For wind turbine design optimisation, it is necessary to have a fast model to evaluate the loads at each design iteration. However, current IEC fatigue and ultimate load cases require time-dependent aeroelastic simulations that are too computationally expensive. Therefore, Barlas, Göçmen, and Riva (2024) investigate how inexpensive machine-learning models of the blade and component loads can be trained based on aeroelastic simulation.
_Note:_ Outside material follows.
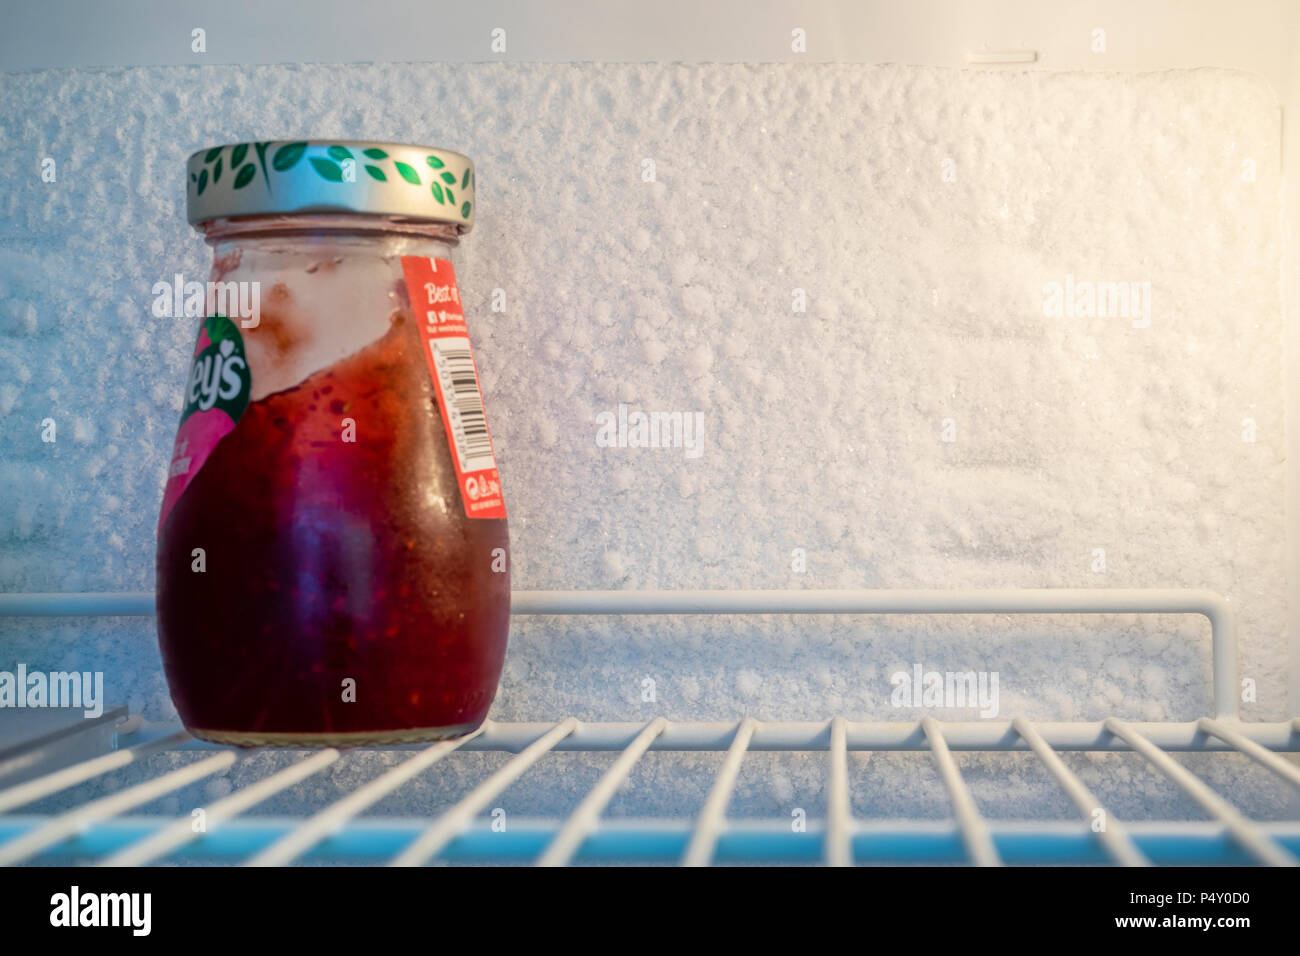 Jam jar on a shelf inside a fridge with a layer of ice on the wall built up in a fridge Stock Photo

The authors use the IEA 3.4 MW wind turbine as a reference and the blade length, tip-speed ratio, and pitch angle as design variables. One hundred wind turbine design alterations are simulated using the Aeroelastic code HAWC2, and the resulting data is used to train the load models. The results show that the surrogate load models are accurate. Barlas, Göçmen, and Riva (2024) suggest expanding it with other design variables and site-dependent wind conditions so that the model can serve for both wind turbine and wind farm layout optimisation.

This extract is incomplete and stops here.